Next Generation Sequencing (NGS) and single cell experiments require careful planning and can be discussed with the facility and bioinformatics cores prior to commencement. While some equipment is available for use by internal users the sequencers are fee-for-service only.
NGS requires a sample to be converted to a sequencing ‘library’ before it can be sequenced. Sample libraries consist of fragmented sample DNA with the necessary sequencing adapters at both ends. These libraries can be mixed and sequenced together provided each has a unique barcode incorporated during preparation. The number of libraries which can be pooled together, and the choice of sequencer, depends on how much ‘coverage’ is required for each sample. The sequencing read length and strategy chosen (eg. 100 bp paired-end reads) will depend on the experimental aims.
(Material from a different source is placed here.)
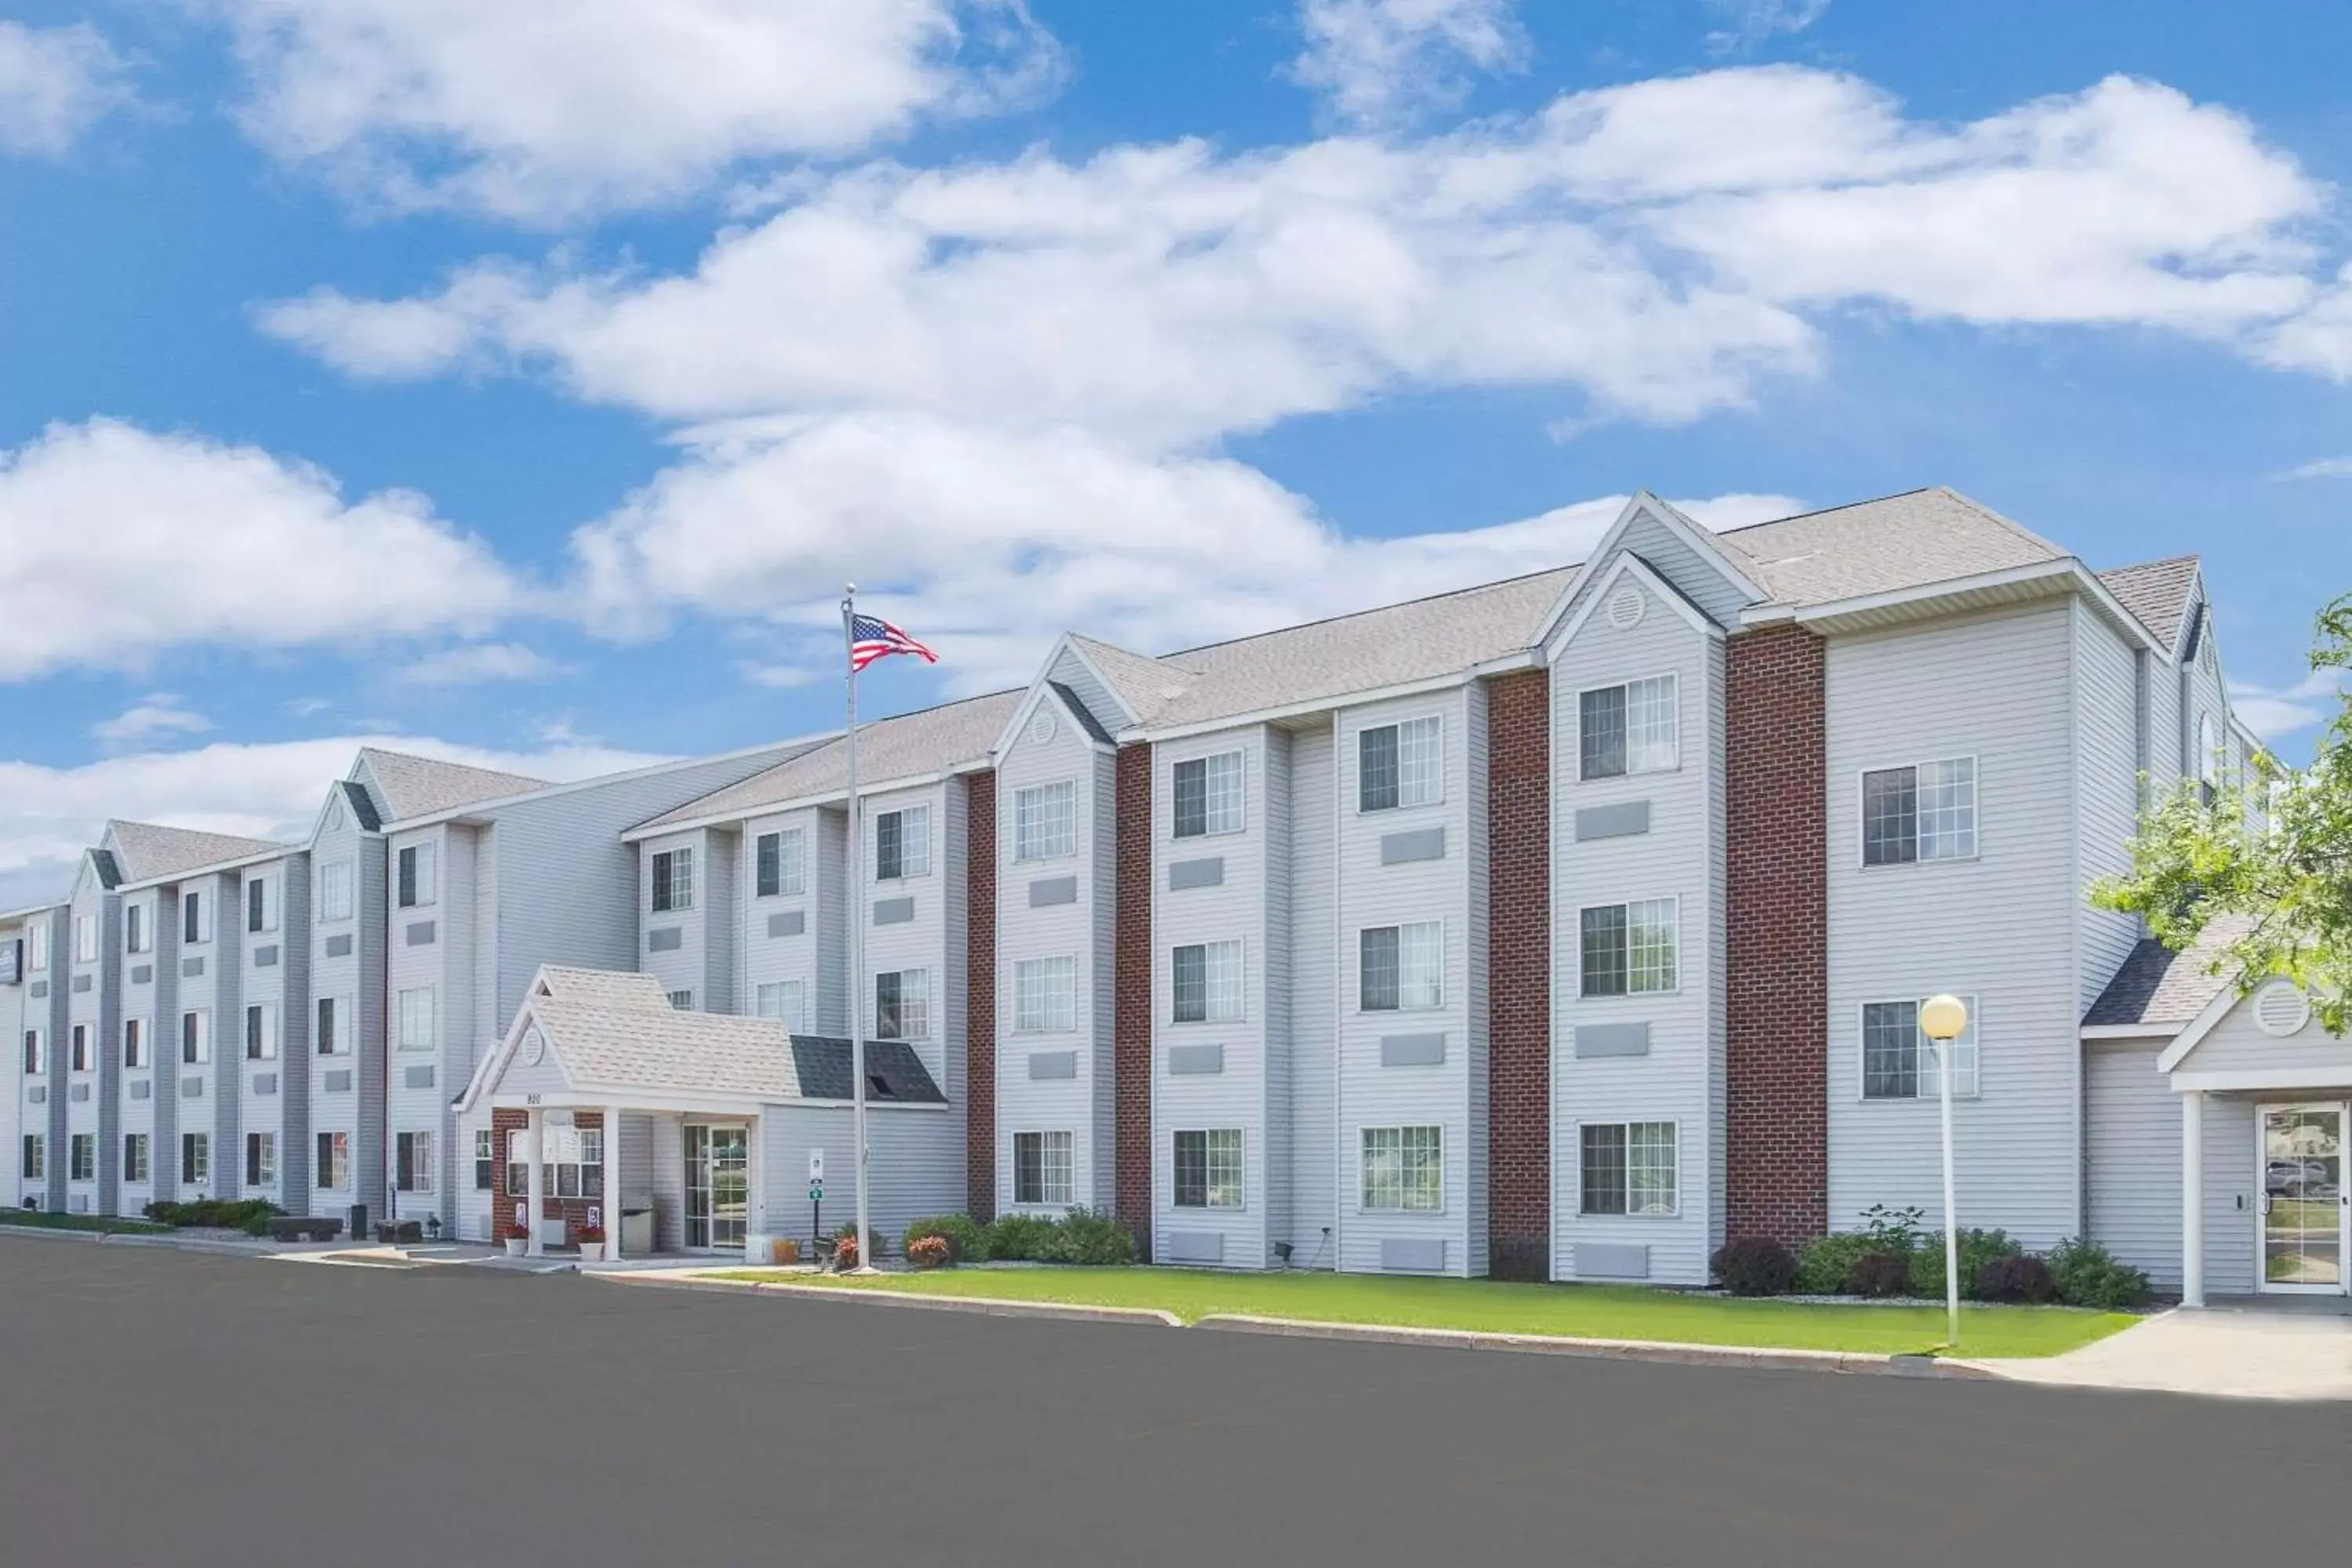 Property building in Microtel Inn & Suites by Wyndham Fond Du Lac

The Fluidigm system has a number of applications including qRT-PCR, digital PCR and genotyping. The facility has a C1 module which enables isolation of single-cells for further analysis. The main advantages of the Fluidigm technology are the relatively low use of sample and reagents, minimal pipetting steps and high reproducibility.
The standard qRT-PCR machines (Biorad CFX and ABI Quantstudio 7’s) are available to SAHMRI staff and can be booked using the internal PPMS system.
The first step in the process is to discuss the project with the facility and obtain a quote. Where bioinformatics support is required other staff may be involved as necessary. To proceed with a job please return the quote indicating a purchase order number (external SAHMRI clients) or cost code (internal SAHMRI staff) for the charges.